__Data extract__:
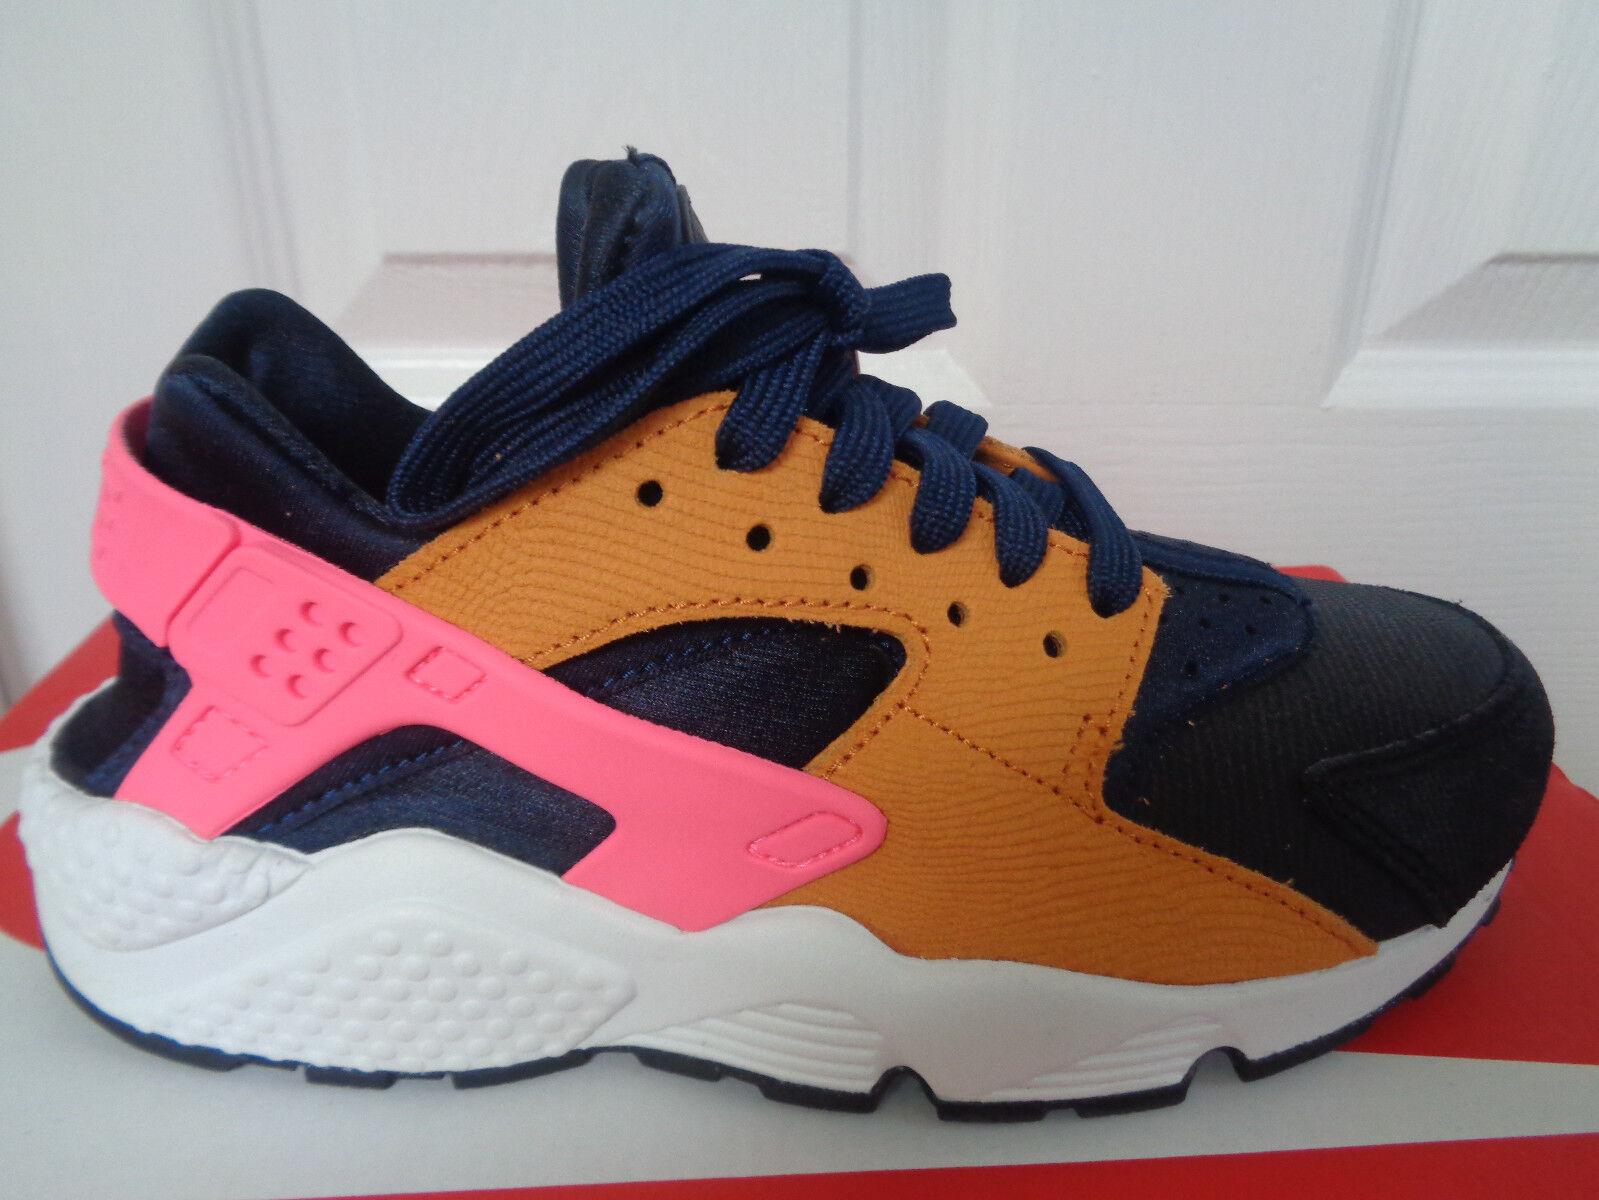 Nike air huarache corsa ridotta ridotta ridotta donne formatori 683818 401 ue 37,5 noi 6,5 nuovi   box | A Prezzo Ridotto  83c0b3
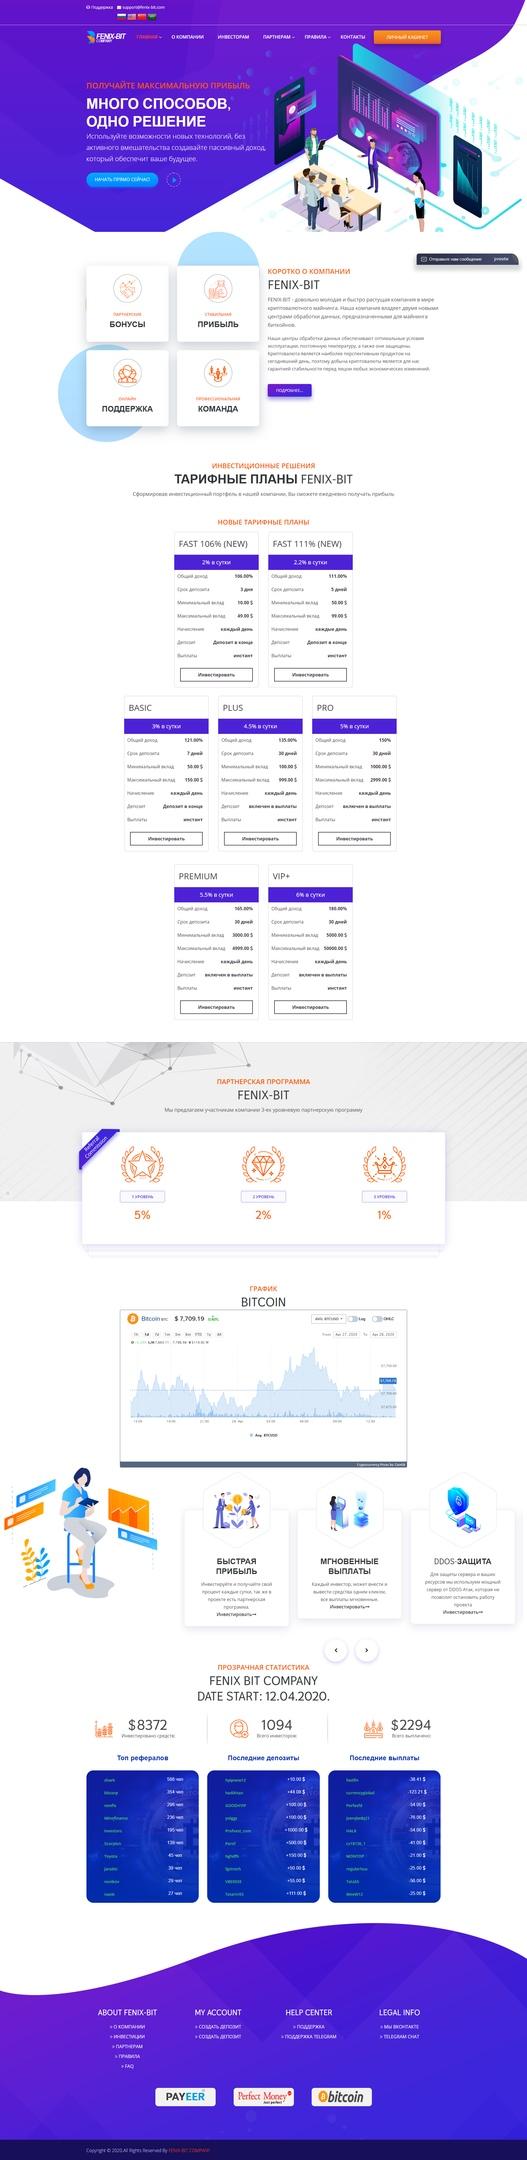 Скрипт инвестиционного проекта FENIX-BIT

--

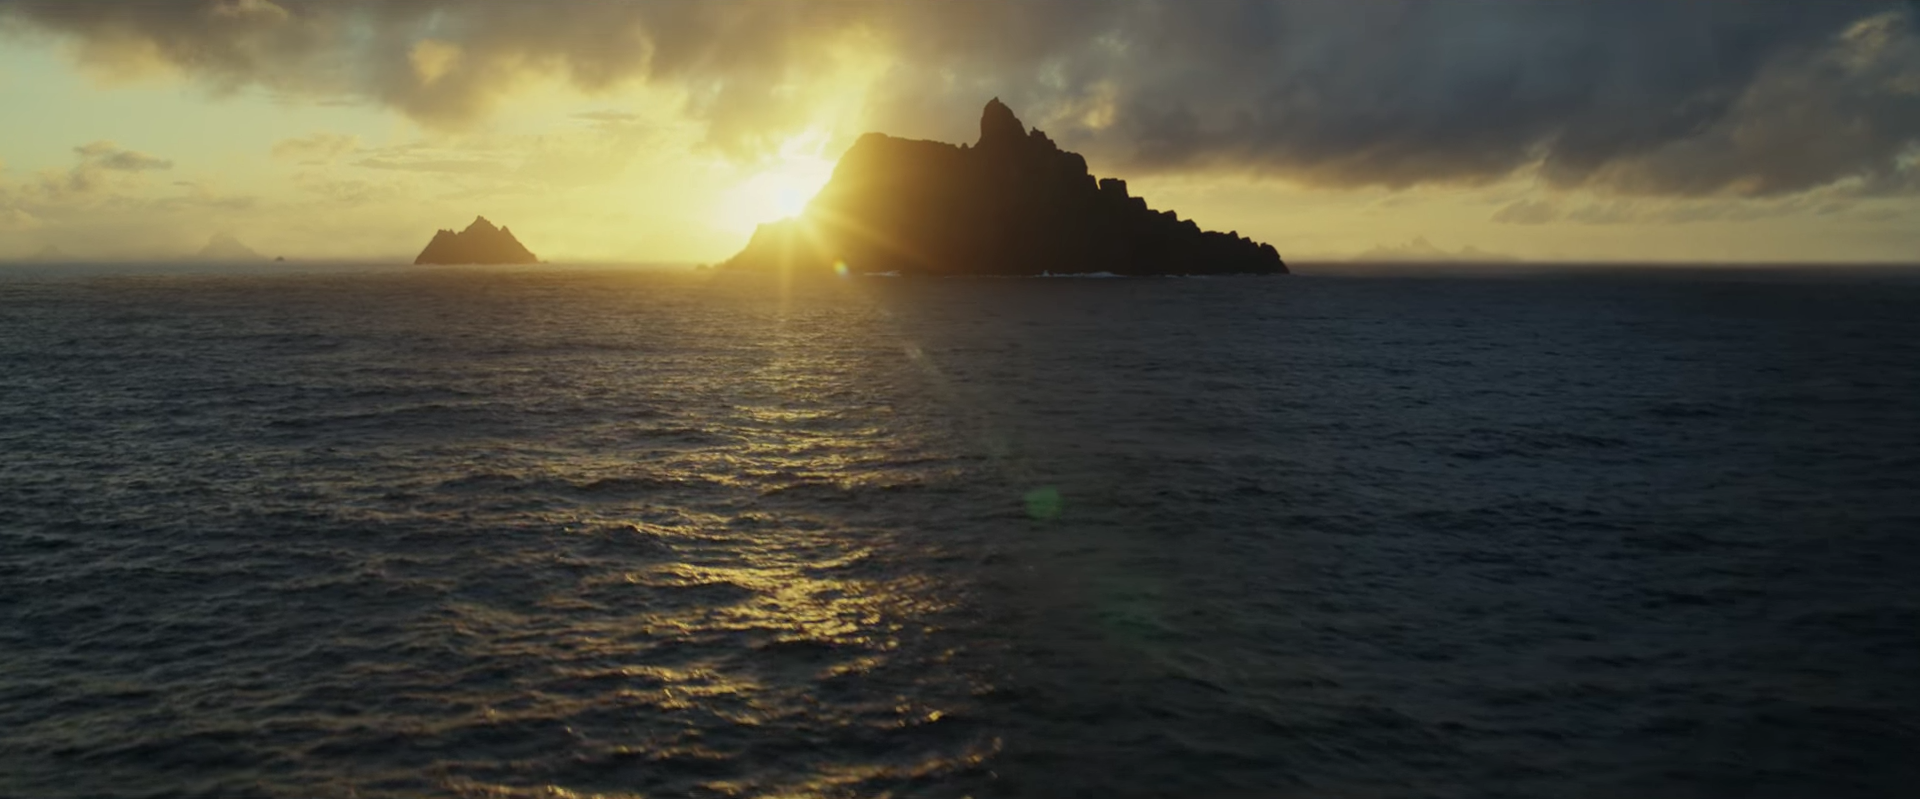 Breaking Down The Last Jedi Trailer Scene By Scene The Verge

--

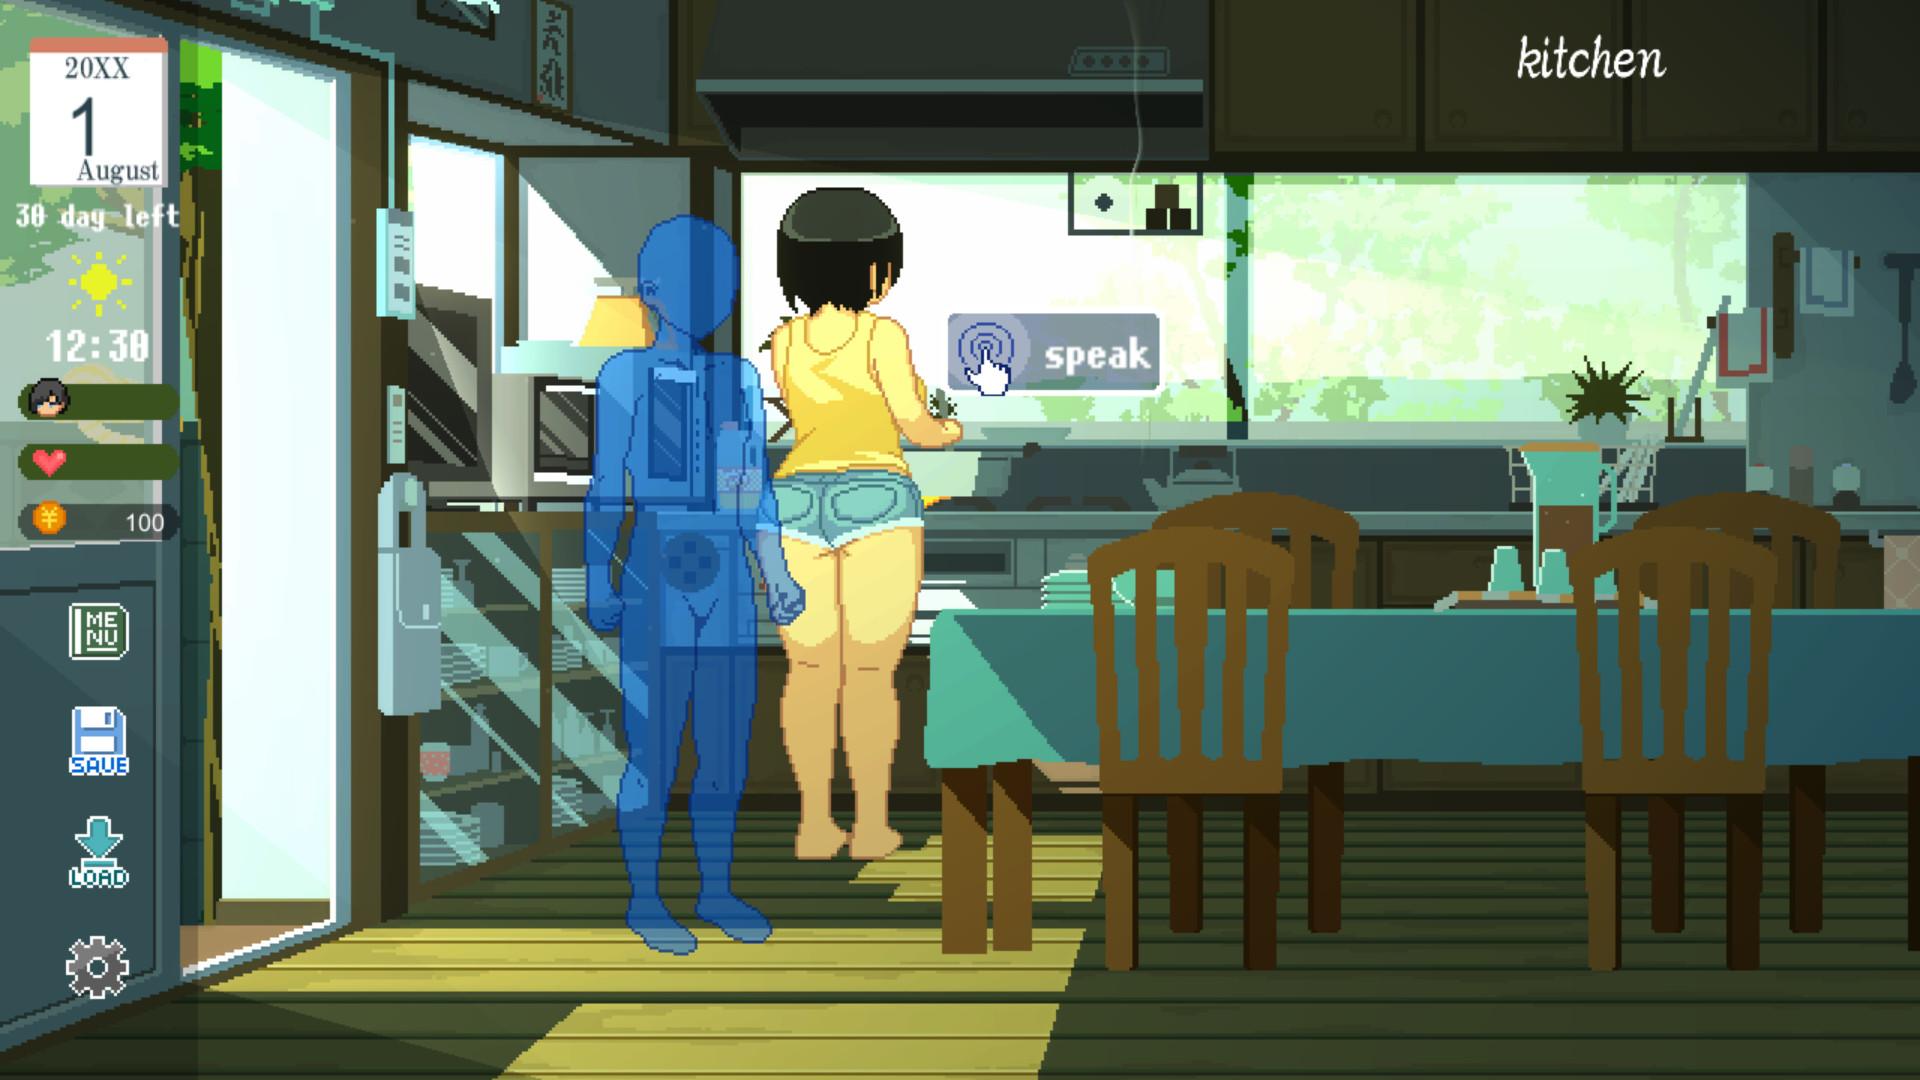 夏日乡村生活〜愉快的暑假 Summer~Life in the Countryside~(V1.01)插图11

__Task requirements__: Although pictures appear among the records above, none are to be output; print exactly the lines from the line containing "Nike air huarache" through the line containing "Скрипт инвестиционного проекта FENIX-BIT".

__Result below__:
 Nike air huarache corsa ridotta ridotta ridotta donne formatori 683818 401 ue 37,5 noi 6,5 nuovi   box | A Prezzo Ridotto  83c0b3
 Скрипт инвестиционного проекта FENIX-BIT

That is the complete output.